■ Recorded information:

/---

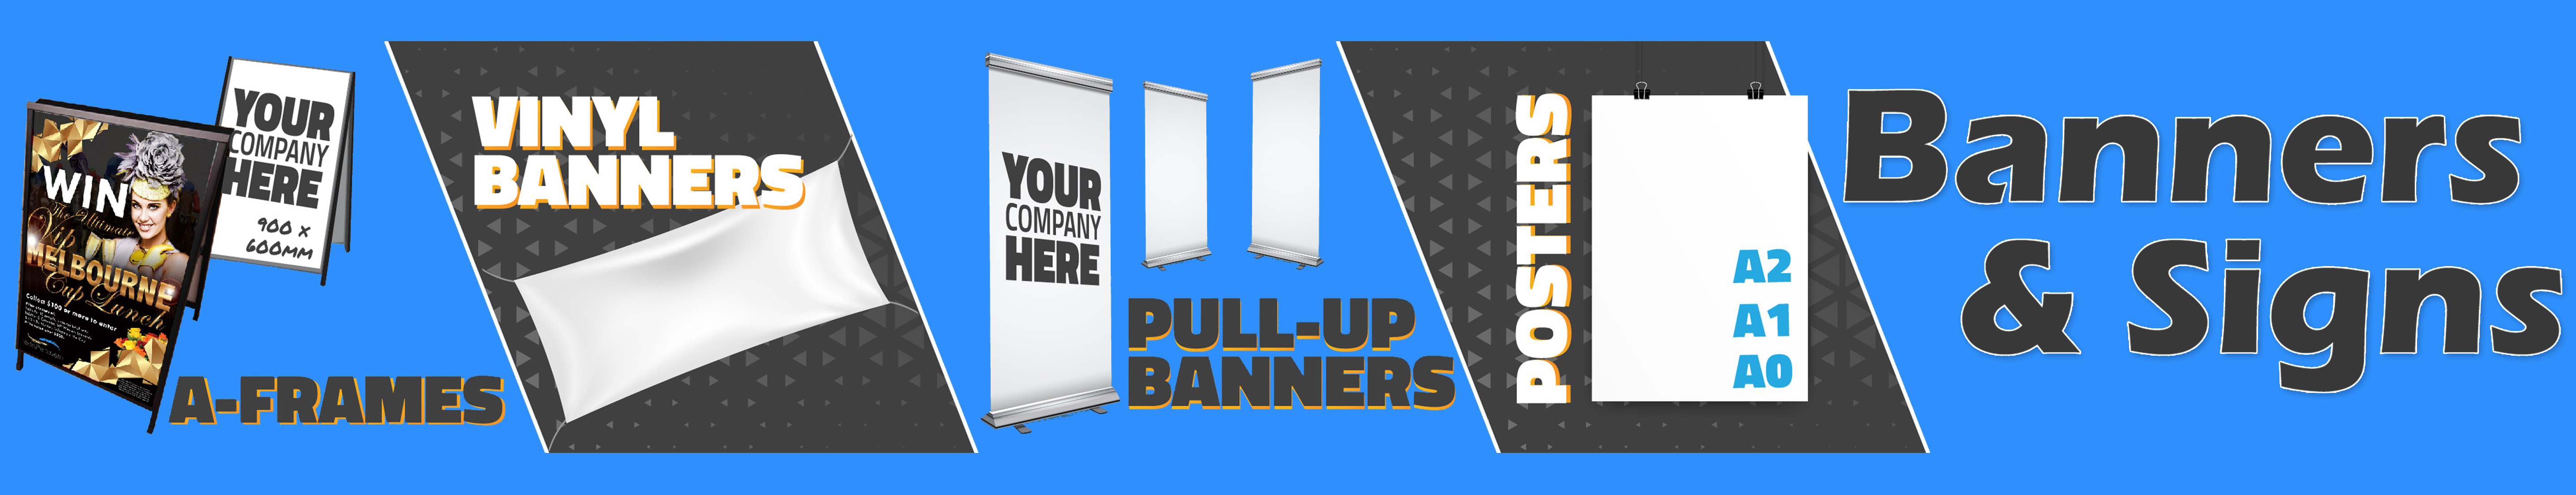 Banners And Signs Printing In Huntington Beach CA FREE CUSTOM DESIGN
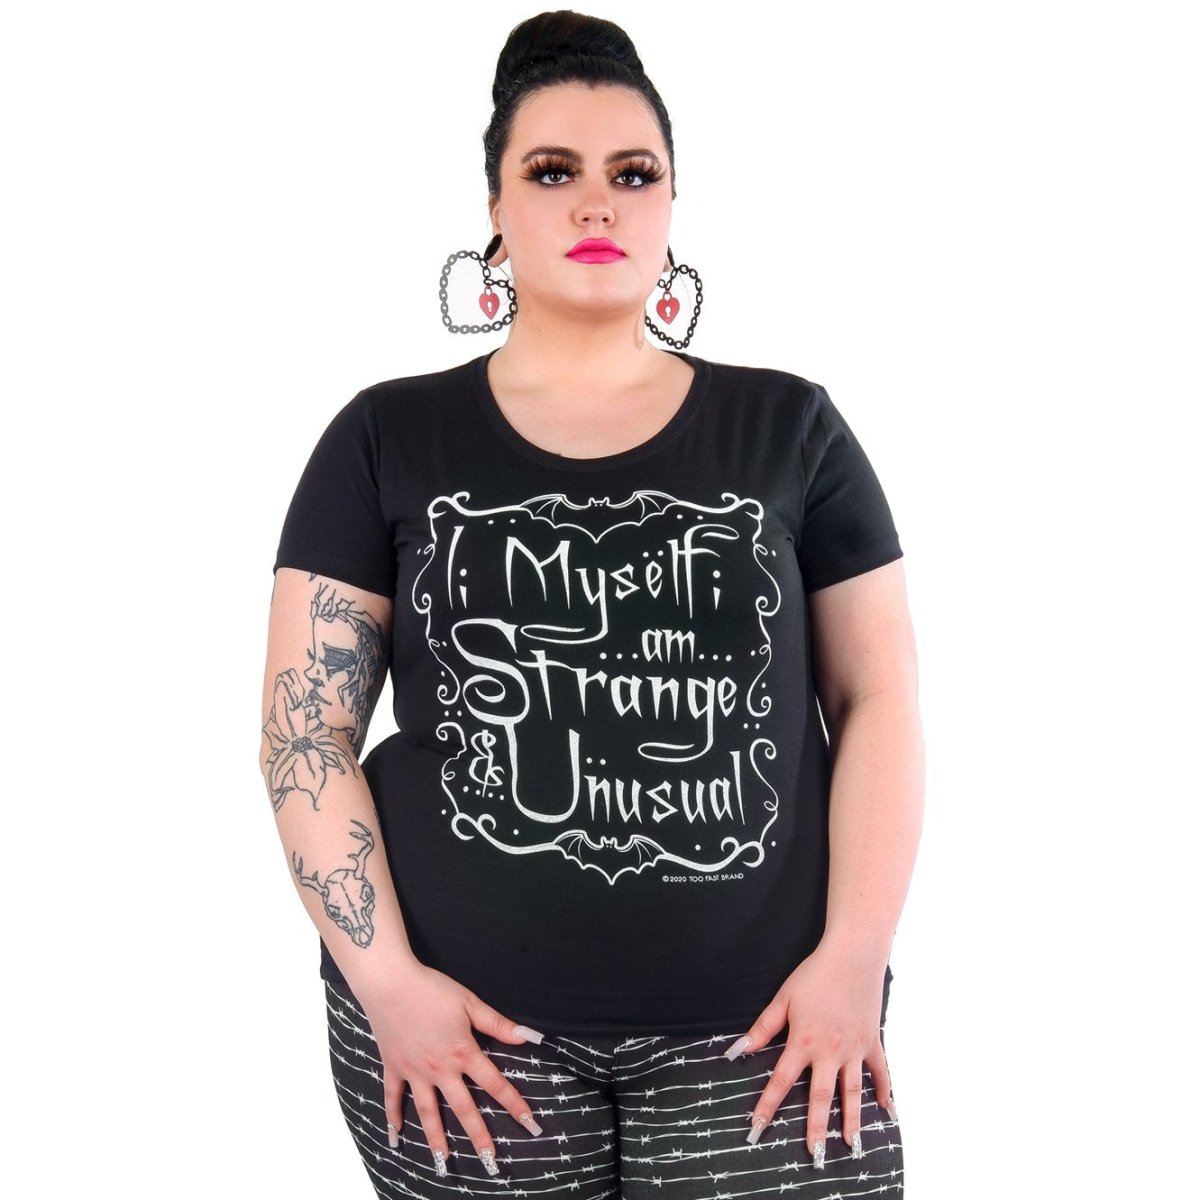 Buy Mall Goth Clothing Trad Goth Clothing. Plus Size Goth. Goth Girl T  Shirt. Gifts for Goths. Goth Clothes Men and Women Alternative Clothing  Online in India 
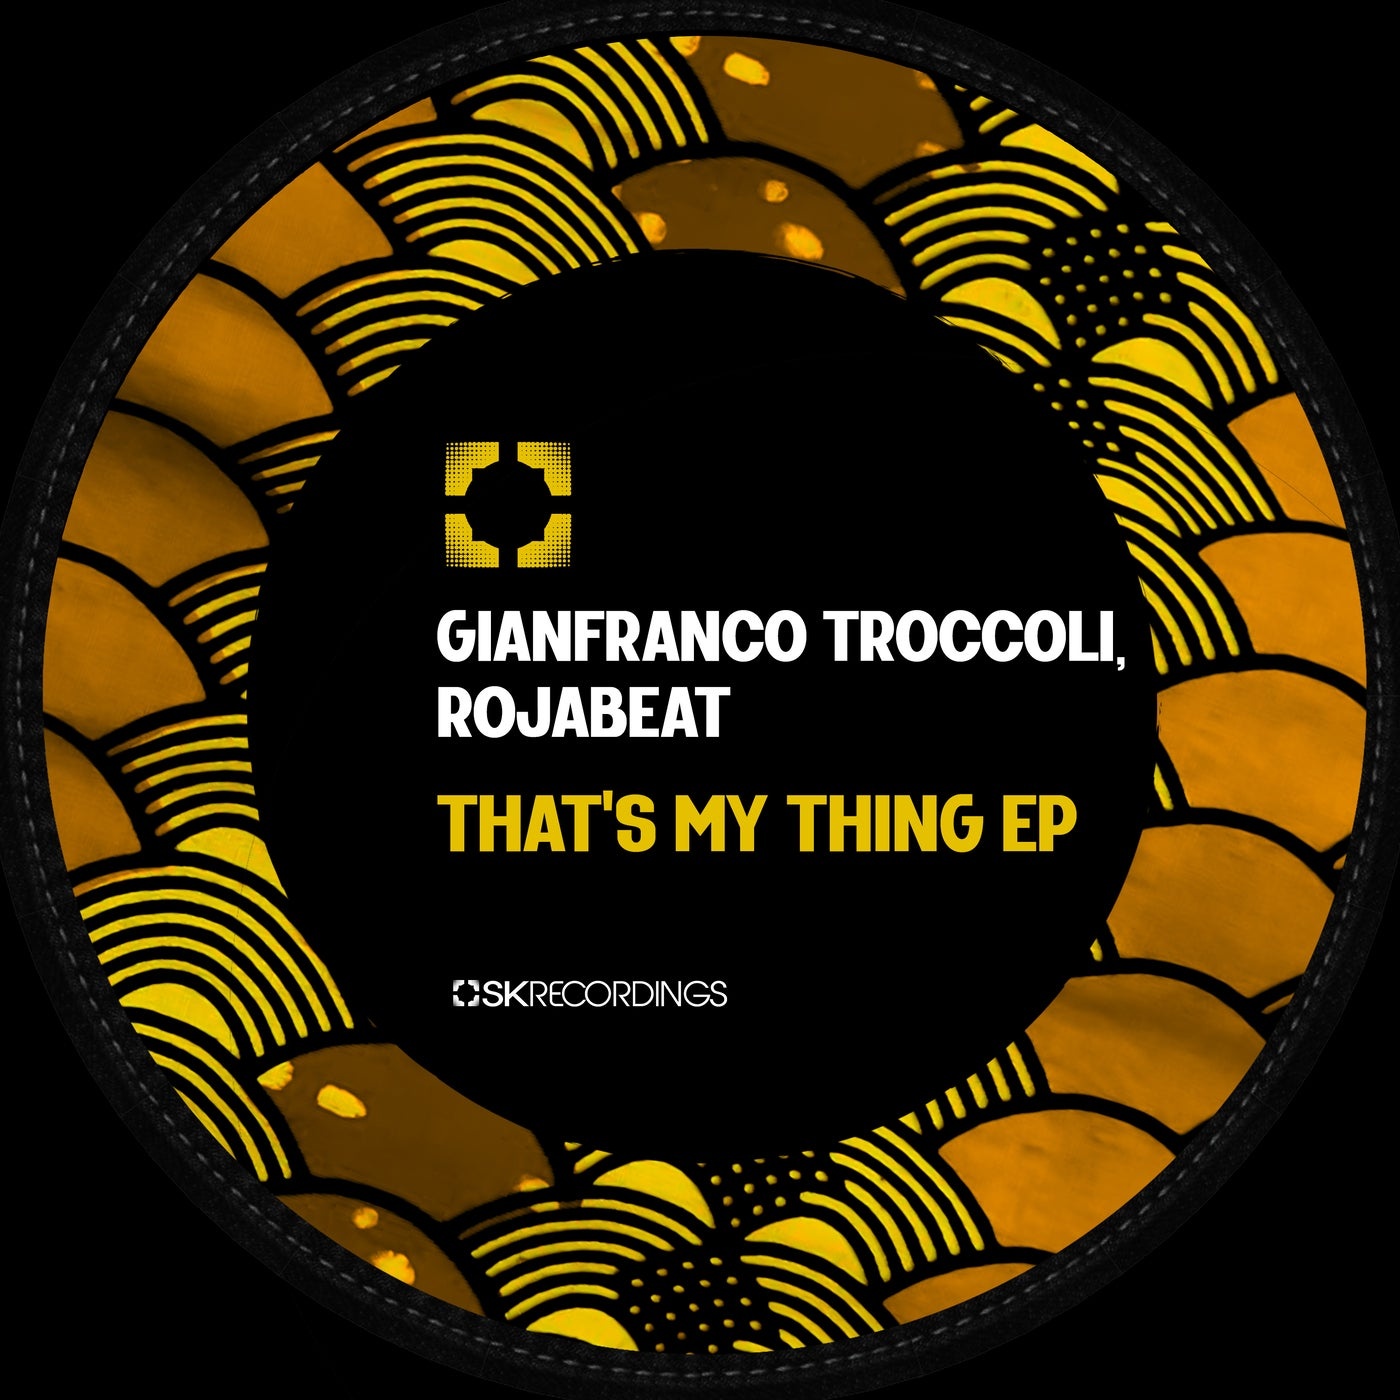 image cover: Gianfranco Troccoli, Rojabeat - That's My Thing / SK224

\---

■ What to produce:
Each line of the data above is to be output exactly; the pictures are not to appear.

■ Exercise answer:
 Banners And Signs Printing In Huntington Beach CA FREE CUSTOM DESIGN
 Buy Mall Goth Clothing Trad Goth Clothing. Plus Size Goth. Goth Girl T  Shirt. Gifts for Goths. Goth Clothes Men and Women Alternative Clothing  Online in India 
 image cover: Gianfranco Troccoli, Rojabeat - That's My Thing / SK224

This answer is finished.